23 Jul 2018 | Ming-Yu Liu, Thomas Breuel, Jan Kautz
This paper presents an unsupervised image-to-image translation framework called UNIT, which uses a shared-latent space assumption and Coupled GANs to learn a joint distribution of images in different domains. The framework is designed to translate images between domains without requiring corresponding images in the training data. UNIT is evaluated on various tasks, including street scene, animal, and face image translation, and is applied to domain adaptation, achieving state-of-the-art performance on benchmark datasets.
The framework consists of two domain image encoders, two domain image generators, and two domain adversarial discriminators. The encoders map images to a latent space, while the generators map latent codes back to images. The shared-latent space assumption ensures that corresponding images in different domains can be mapped to the same latent code. This assumption is enforced through weight-sharing constraints between the encoders and generators.
The framework also incorporates cycle-consistency constraints, which ensure that translating an image from one domain to another and back results in the original image. This helps regularize the learning process and improve translation quality. The framework is trained using a combination of VAE and GAN objectives, with the VAE objective minimizing the KL divergence between the latent distribution and a prior, and the GAN objective ensuring that generated images are realistic.
The framework is evaluated on several tasks, including translating between satellite images and maps, translating between synthetic and real images, translating between dog breeds, translating between cat species, and translating face images based on attributes. The results show that the framework achieves high-quality translations and performs well in domain adaptation tasks.
The paper also discusses related work, including other unsupervised image-to-image translation methods and domain adaptation approaches. It highlights the importance of the shared-latent space assumption and cycle-consistency constraints in achieving effective image translation. The framework is implemented in code and additional results are available on GitHub.This paper presents an unsupervised image-to-image translation framework called UNIT, which uses a shared-latent space assumption and Coupled GANs to learn a joint distribution of images in different domains. The framework is designed to translate images between domains without requiring corresponding images in the training data. UNIT is evaluated on various tasks, including street scene, animal, and face image translation, and is applied to domain adaptation, achieving state-of-the-art performance on benchmark datasets.
The framework consists of two domain image encoders, two domain image generators, and two domain adversarial discriminators. The encoders map images to a latent space, while the generators map latent codes back to images. The shared-latent space assumption ensures that corresponding images in different domains can be mapped to the same latent code. This assumption is enforced through weight-sharing constraints between the encoders and generators.
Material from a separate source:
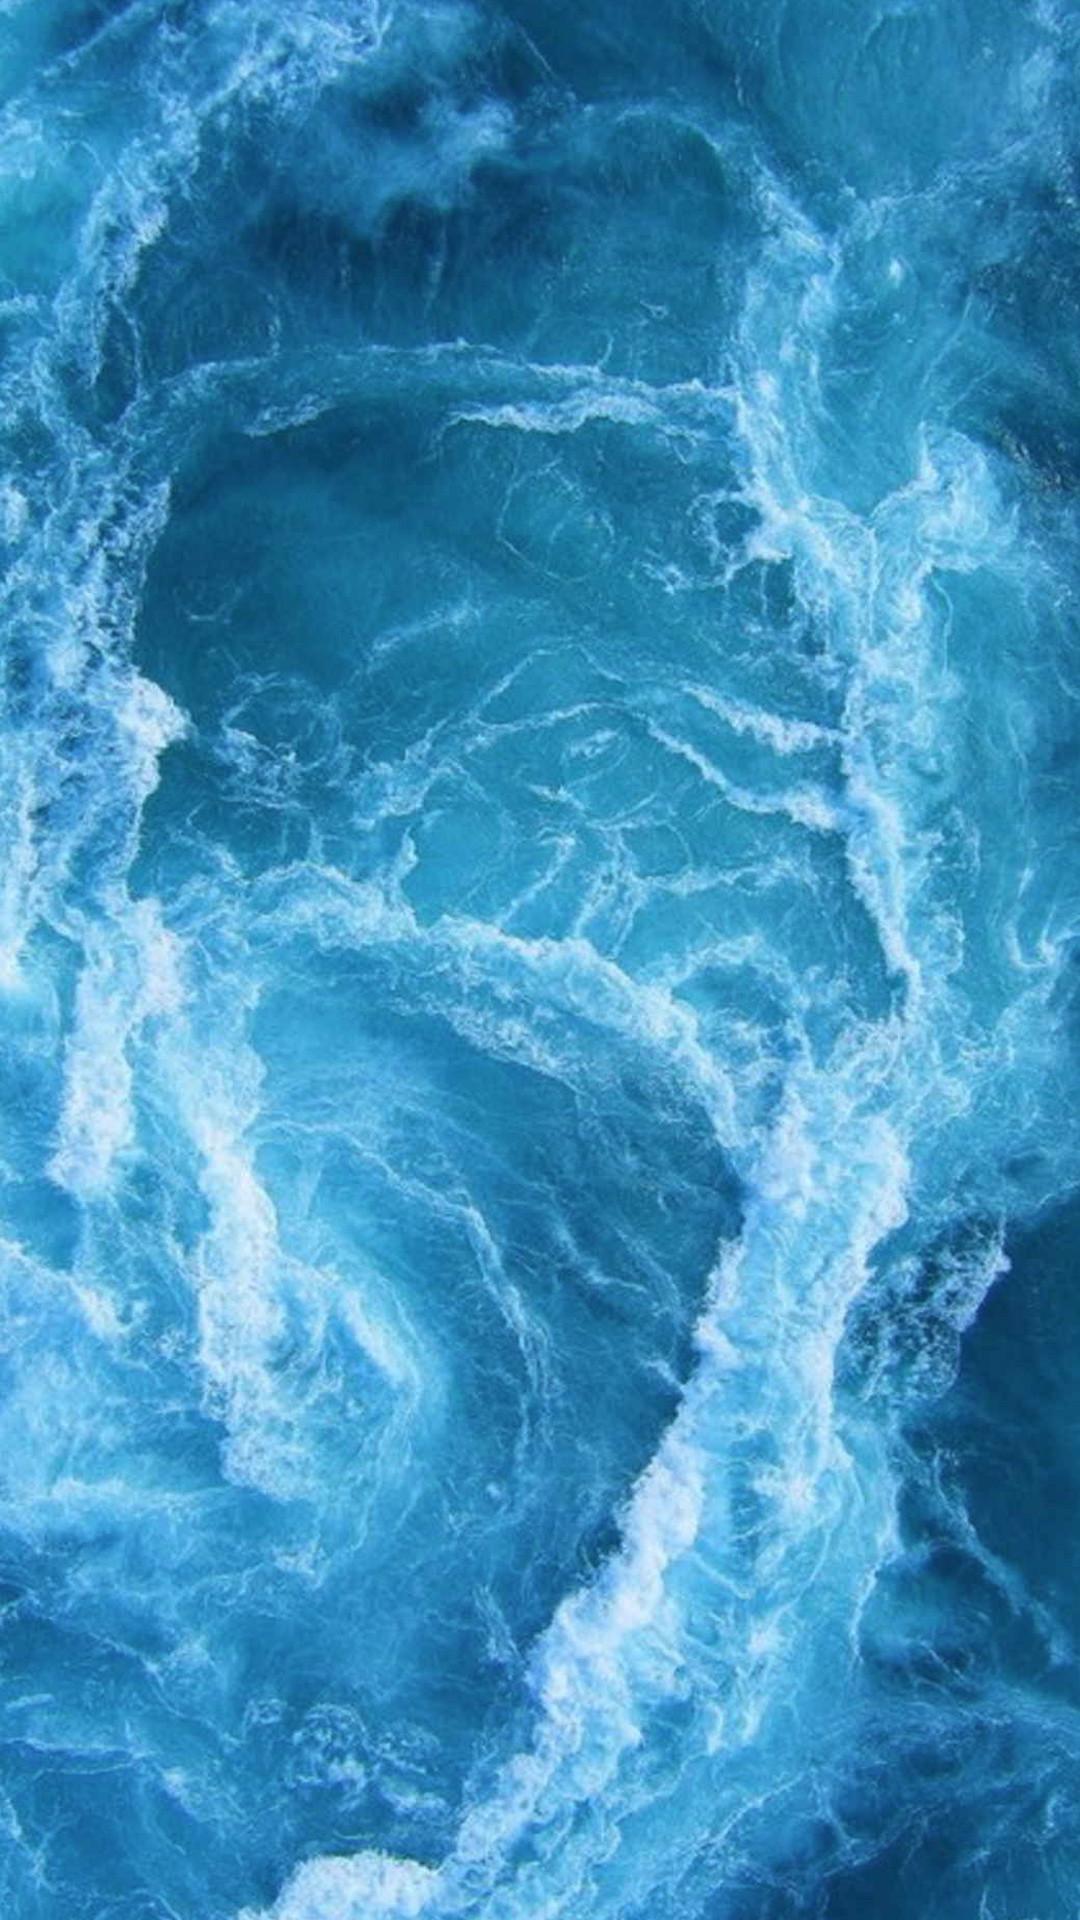 ocean waves wallpaper hd (60+ images)

The framework also incorporates cycle-consistency constraints, which ensure that translating an image from one domain to another and back results in the original image. This helps regularize the learning process and improve translation quality. The framework is trained using a combination of VAE and GAN objectives, with the VAE objective minimizing the KL divergence between the latent distribution and a prior, and the GAN objective ensuring that generated images are realistic.
The framework is evaluated on several tasks, including translating between satellite images and maps, translating between synthetic and real images, translating between dog breeds, translating between cat species, and translating face images based on attributes. The results show that the framework achieves high-quality translations and performs well in domain adaptation tasks.
The paper also discusses related work, including other unsupervised image-to-image translation methods and domain adaptation approaches. It highlights the importance of the shared-latent space assumption and cycle-consistency constraints in achieving effective image translation. The framework is implemented in code and additional results are available on GitHub.